When in the dark I used to bring things with me. A blanket, mostly. Socks to keep my feet warm. Poetry books, for prayer. Then there are days when I crawl to the corner and turn my back to everything and close my eyes, as if seeking a darker place, still. Now I just lie like this—weightless and yet weighed down. I can scarcely force myself to breathe, my lungs telling me, what is the point. My heart telling me, what is the point. Everything inside my body telling me, what is the point.

Have I always been here? Have I never escaped it? How did I get almost a year of reprieve, only to wake up one day in the dark again?

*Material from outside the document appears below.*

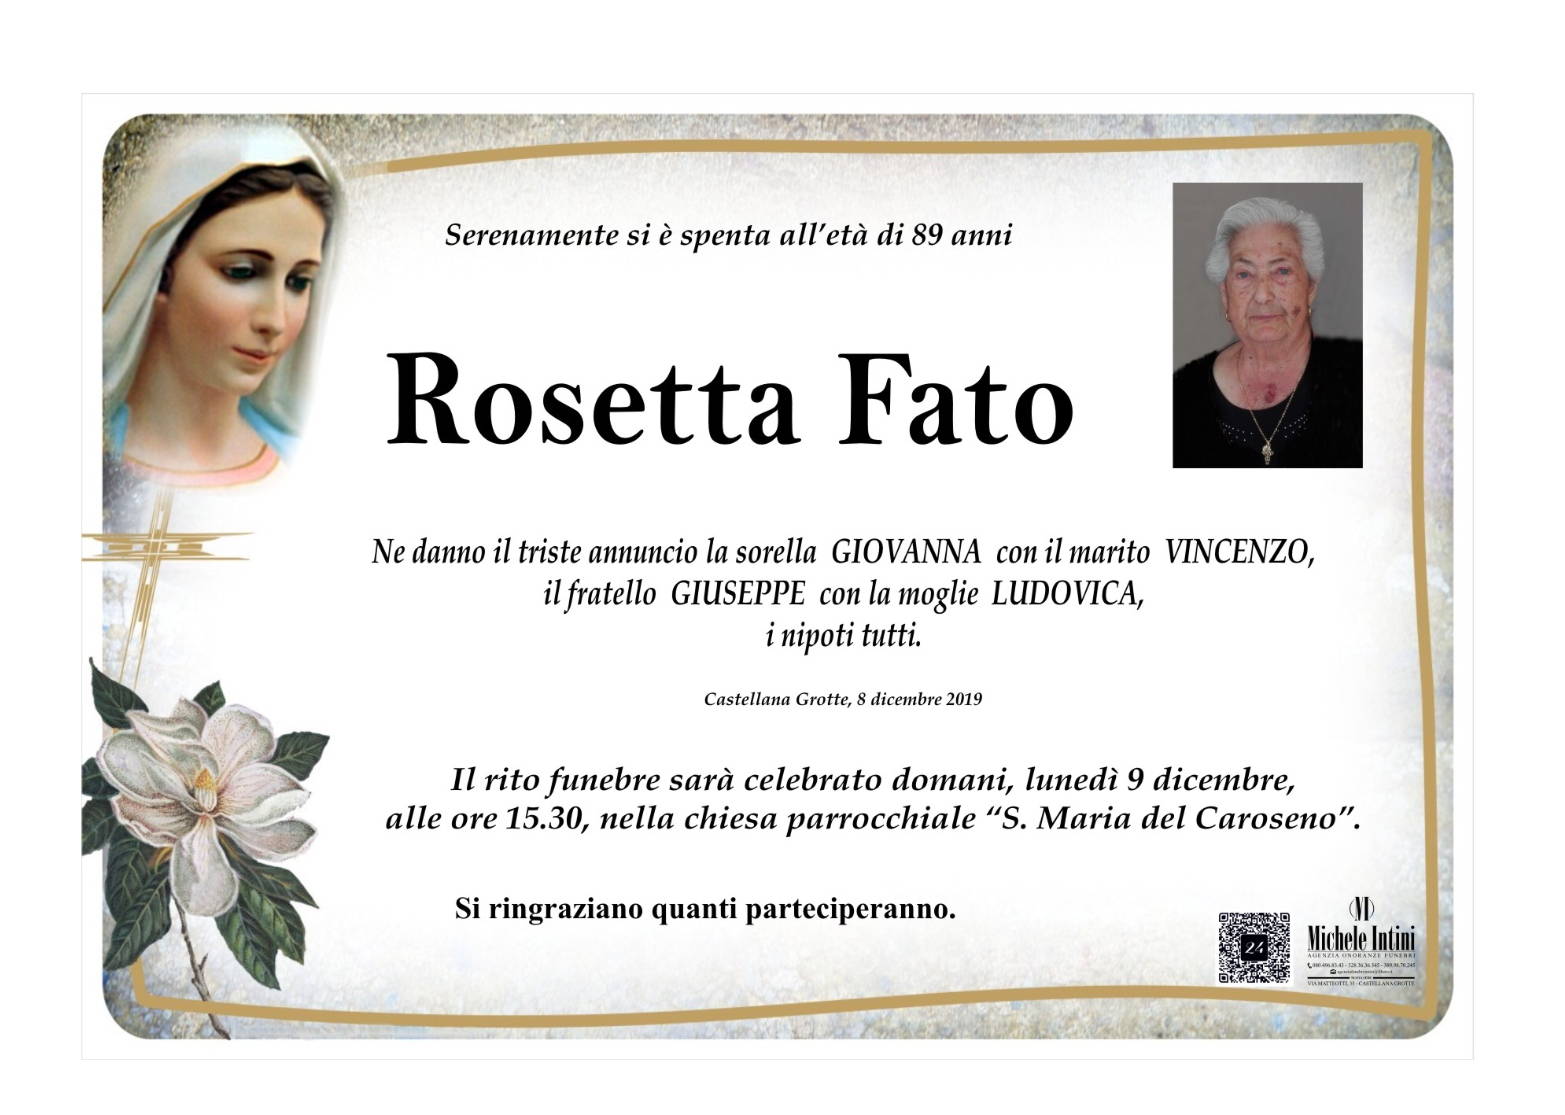 Rosetta Fato
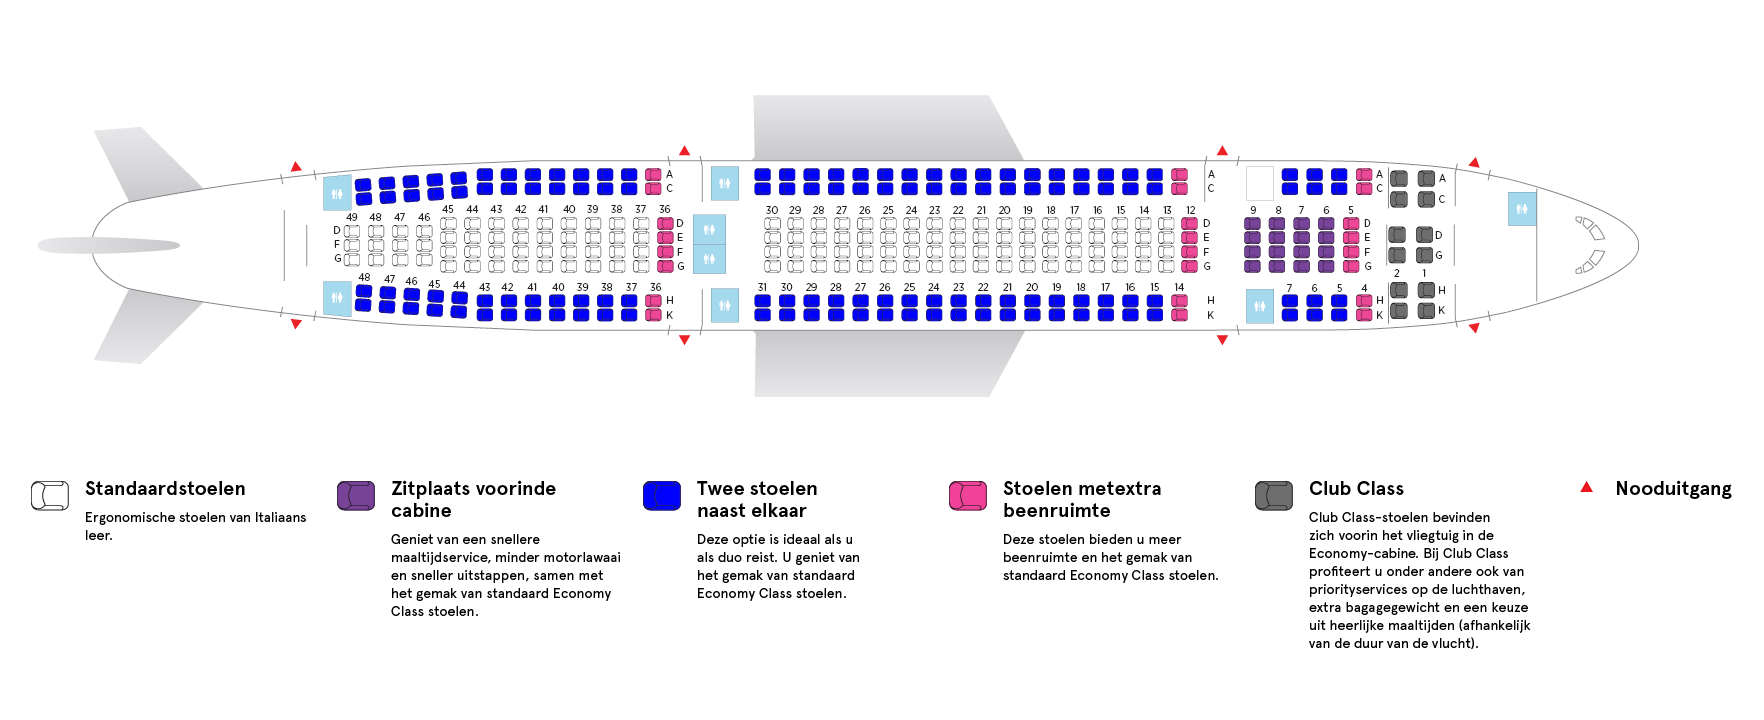 Cabine van Air Transat’s Airbus A330-200 Low Density

Things to Do in the Belly of the Whale
Dan Albergotti

Measure the walls. Count the ribs. Notch the long days.
Look up for blue sky through the spout. Make small fires
with the broken hulls of fishing boats. Practice smoke signals.
Call old friends, and listen for echoes of distant voices.
Organize your calendar. Dream of the beach. Look each way
for the dim glow of light. Work on your reports. Review
each of your life’s ten million choices. Endure moments
of self-loathing. Find the evidence of those before you.
Destroy it. Try to be very quiet, and listen for the sound
of gears and moving water. Listen for the sound of your heart.
Be thankful that you are here, swallowed with all hope,
where you can rest and wait. Be nostalgic. Think of all
the things you did and could have done. Remember
treading water in the center of the still night sea, your toes
pointing again and again down, down into the black depths.